Two years ago, Richard Foster told us his next book was going to be about poverty, chastity, and obedience. It is now here in the form of Money, Sex, and Power.

At the time, he said he was sure the threefold monastic vow dealt with the right things, but in the wrong way. The monastic way was a way of denial, a way of negating good things of God’s creation. Writing the book was his way of searching for an affirmative spiritual and scriptural approach to these areas of moral ambiguity and personal vulnerability.

In place of the negative vows, Foster suggests constructive ones. Christians should not live by a vow of poverty, he says, but by a vow of simplicity. Likewise, the repressive vow of chastity should be replaced by the fulfilling vow of fidelity. And the vow of obedience, which eschews the exercise of power, should be replaced by a vow of service that puts power to good use.

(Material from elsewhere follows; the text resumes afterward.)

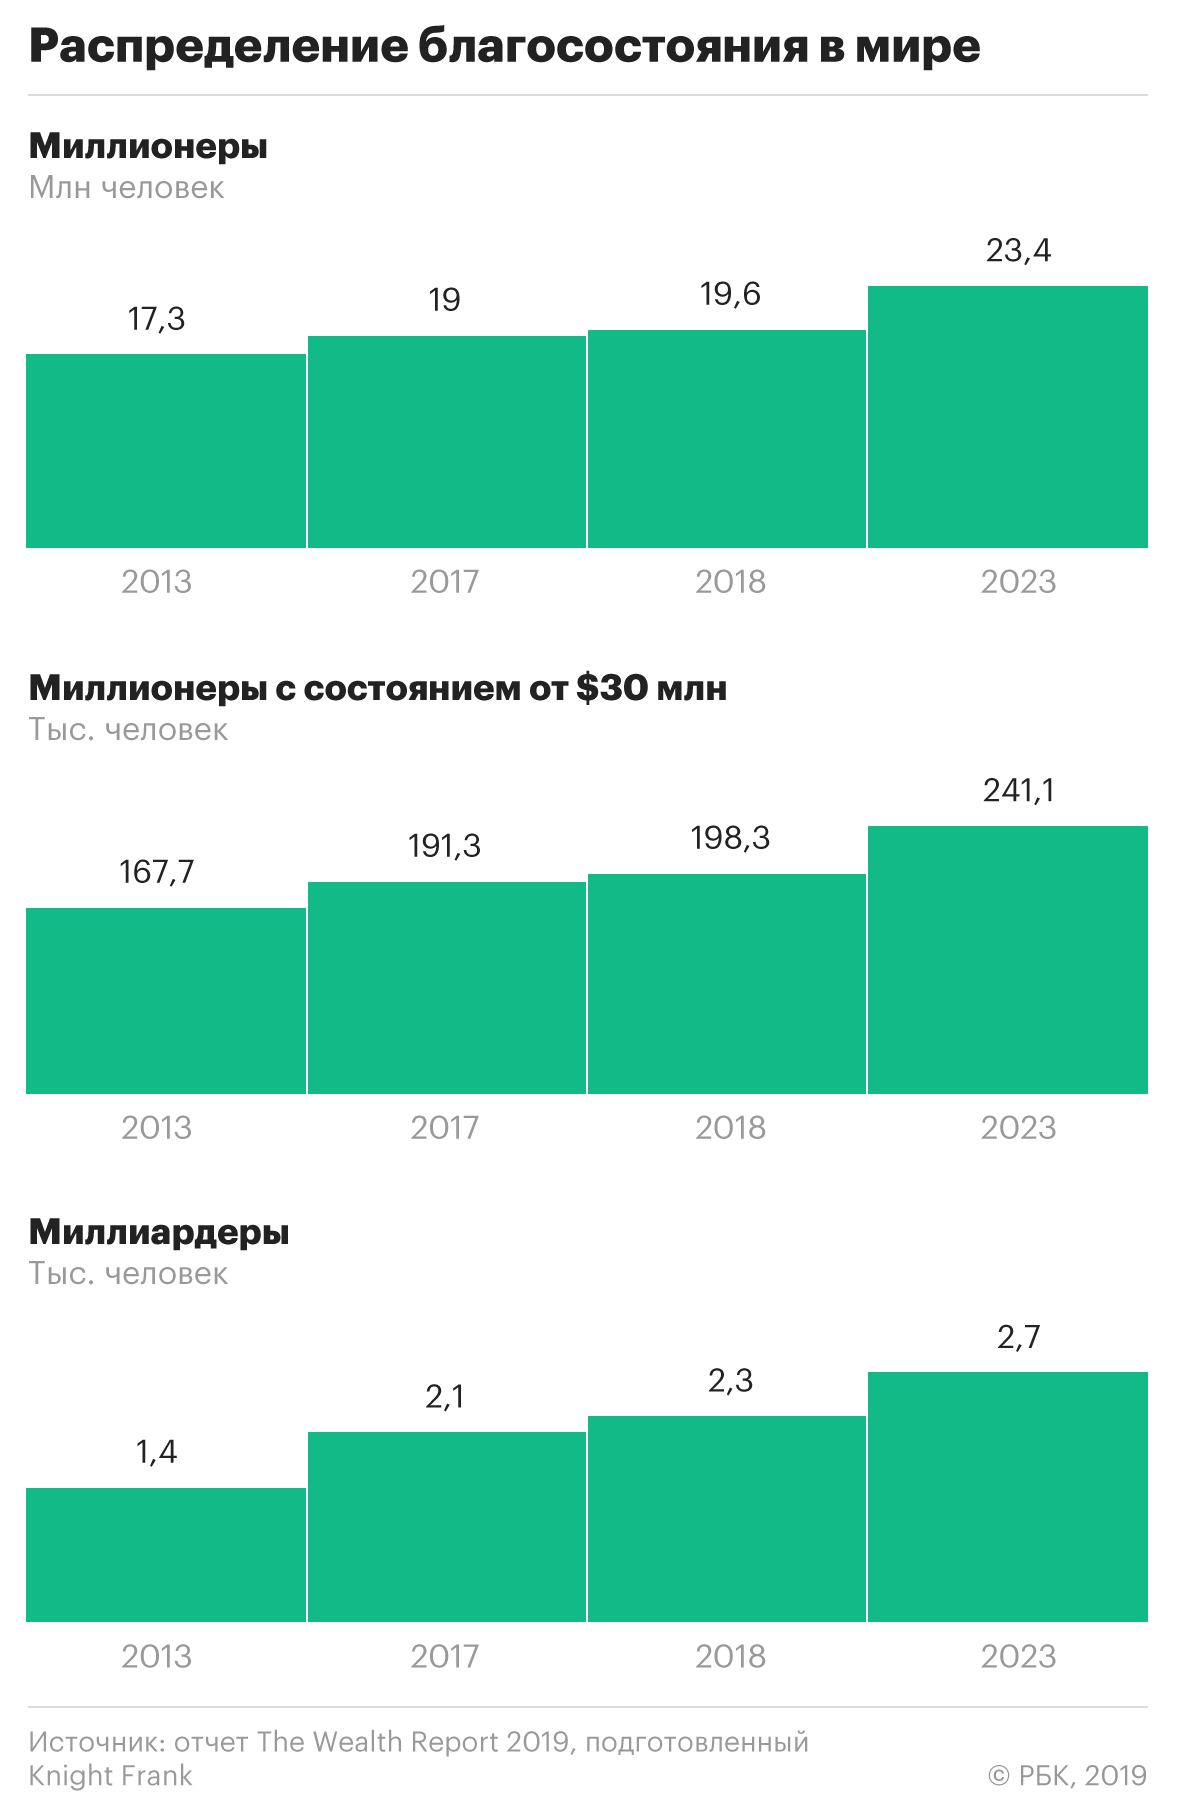 Банкиры предсказали рост капиталов мультимиллионеров России в 2019 году

Foster told CT he benefited greatly from reading those who take a strongly negative stance. For example, he relied heavily on Jacques Ellul’s Money and Power (IVP, 1984) for his insights into the ways money, as a spiritual power, can control us and distort our lives. But he refused to adopt Ellul’s unequivocal stance: that money is an actual spiritual power at odds with God.

Seeking a via media, Foster insists that only the perversion of money is wrong. Thus he writes: “The demon in money is greed.… The demon in sex is lust.… The demon in power is pride.”

But as Foster saunters down the median of life’s highway, he is being passed by traffic speeding in both directions. Although this volume is full of common sense and good advice, it lacks the power and direction of his previous books. In Celebration of Discipline and Freedom of Simplicity, Foster spoke powerfully with a single focus. In Money, Sex, and Power Foster seems to be seeking rather than pointing the way.